I have two questions about FreeBSD.

 Why, when booting in Live-CD mode, the home directory was read-only?
 While *I* boot in Live-CD mode[] (9.X,10.0 versions), *c*an *I* mount my NTFS HDD partitions manually without connecting to the Internet?


----------



## SirDice (Jul 8, 2014)

mbzadegan said:
			
		

> Why, when booting in Live-CD mode, the home directory was read-only?


Because you can't write to a CD.



> While I boot in Live-CD mode (9.X,10.0 versions), can I mount my NTFS HDD partitions manually without connecting to the Internet?

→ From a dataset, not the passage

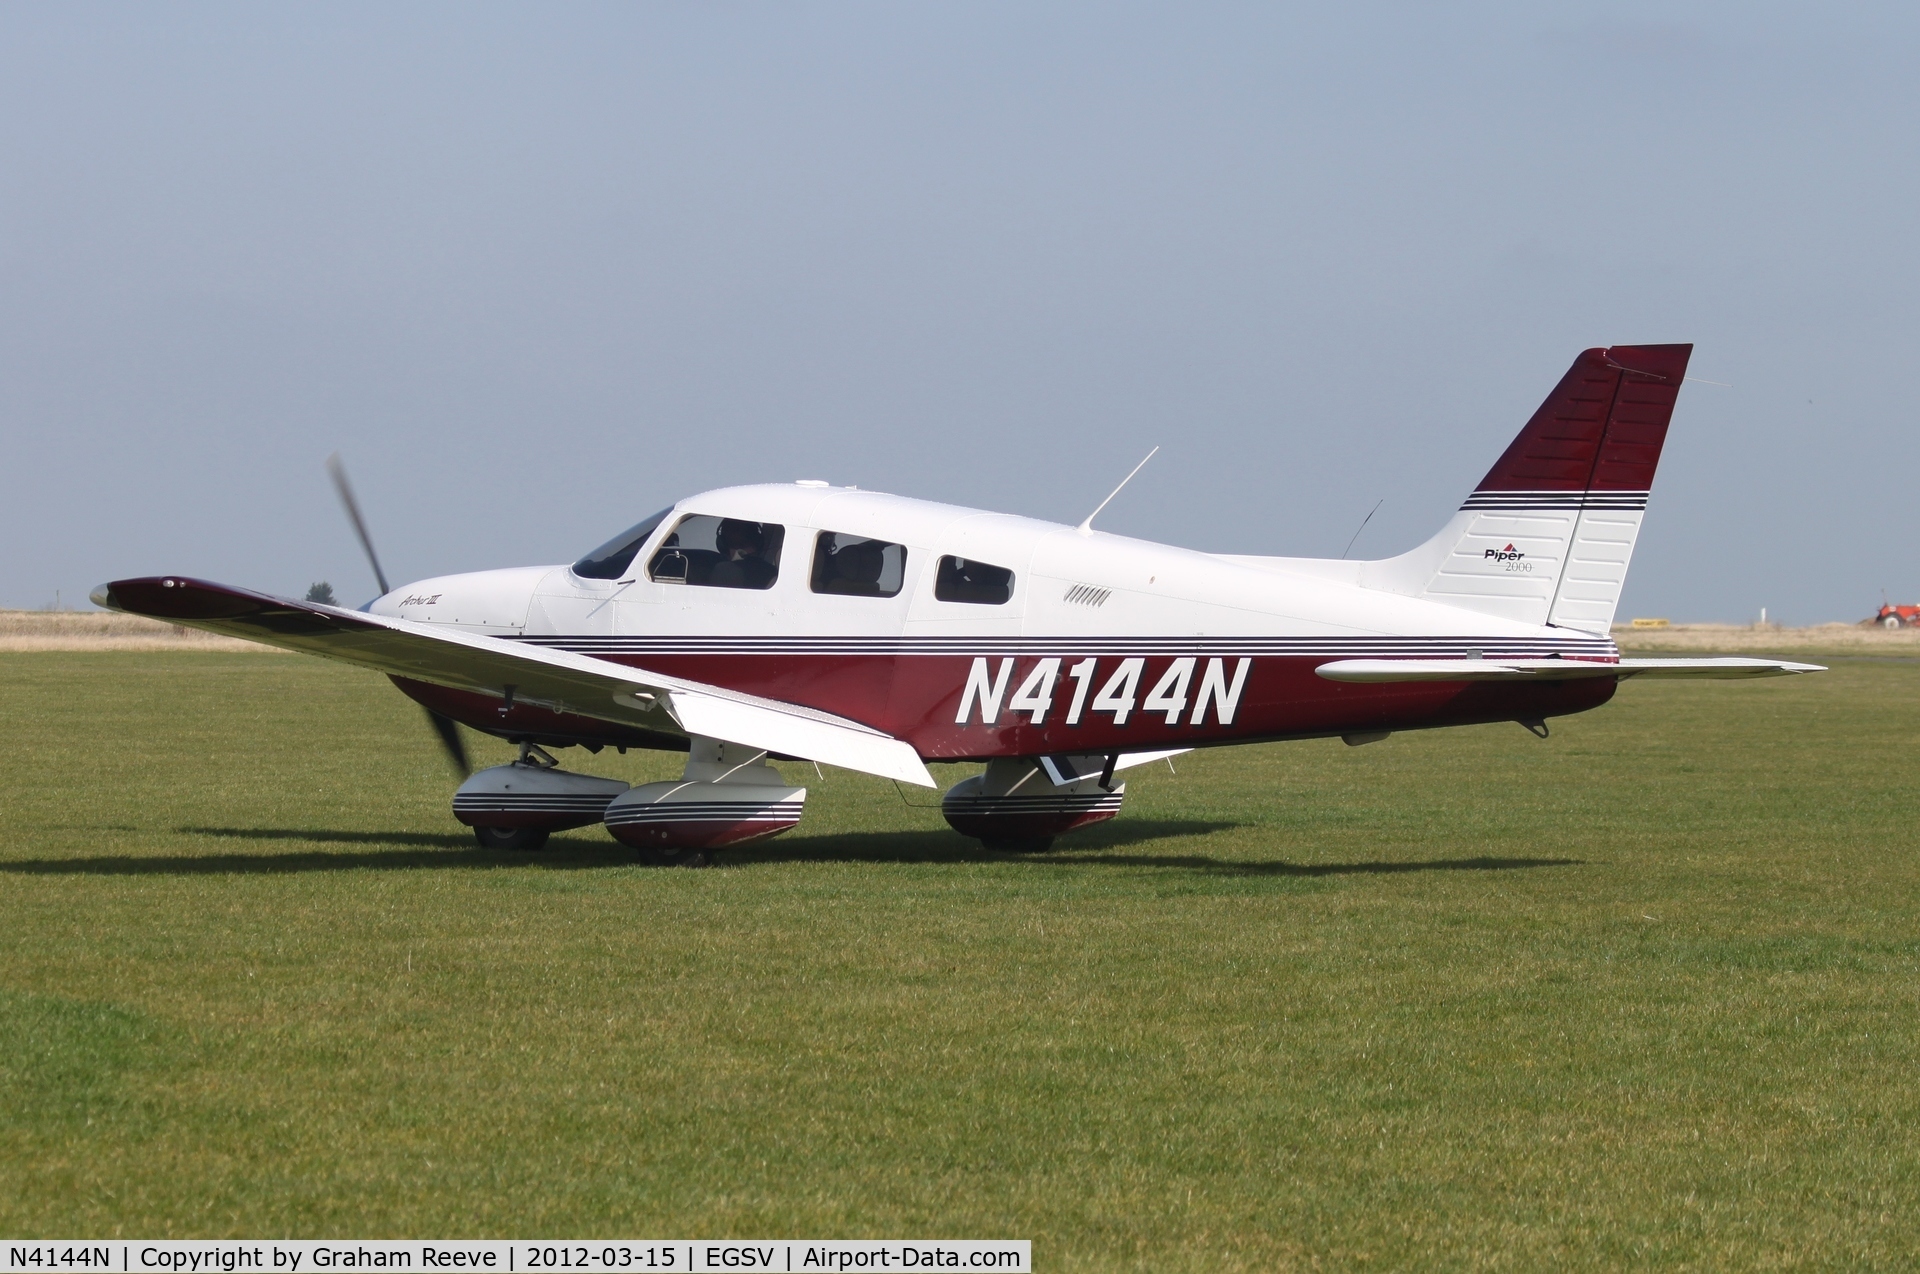 N4144N, 2000 Piper PA-28-181 Cherokee Archer III C/N 2843361, Just arrived at Old Buckenham.

On FreeBSD 9.x you can use mount_ntfs(8) to access it read-only. On 10.0 you will have to install sysutils/fusefs-ntfs.


----------



## mbzadegan (Jul 8, 2014)

SirDice said:
			
		

> Because you can't write to a CD.


It's *r*ight but a live user do_es_ not want to write to CD and need_s_ a writeable temporary storage. What is this temporary storage?


			
				SirDice said:
			
		

> On FreeBSD 9.x you can use mount_ntfs(8) to access it read-only. On 10.0 you will have to install sysutils/fusefs-ntfs.


Thanks.

Will it _be_ possible to include drivers for NTFS or Hammer file systems while booting from Live-CD on next releases?


----------



## SirDice (Jul 8, 2014)

mbzadegan said:
			
		

> It's Right but a live user do not want to write on CD and need a writeable temporary storage.
> What is this temporary storage?


Both /tmp and /var/tmp/ should be writable.


----------



## mbzadegan (Jul 15, 2014)

Thanks so much. What is the obstacle for NTFS that all FreeBSD releases can not mount NTFS in R/W mode at boot such as Linux or Solaris? Will it be possible to include drivers for NTFS file systems (R/W) while booting from LiveCD on following releases?


----------



## kpa (Jul 15, 2014)

One of the reasons is a decision not to include anything from ports/packages on the installation Live-CD environment because the CDs and memory stick images are meant just for installing FreeBSD. FreeBSD used to have read-only NTFS support out of that box but that has been now deleted (https://wiki.freebsd.org/NONMPSAFE_DEORBIT_VFS), instead the FUSE system is now used but to use it you have to install the userland binaries and libraries from ports or packages. There's also the fact that including the FUSE userland stuff in the base system is completely out of the question now because the userland side is GPL licensed code (the FUSE kernel implementation in FreeBSD 10 is an independent from scratch implementation that is BSD licensed).


----------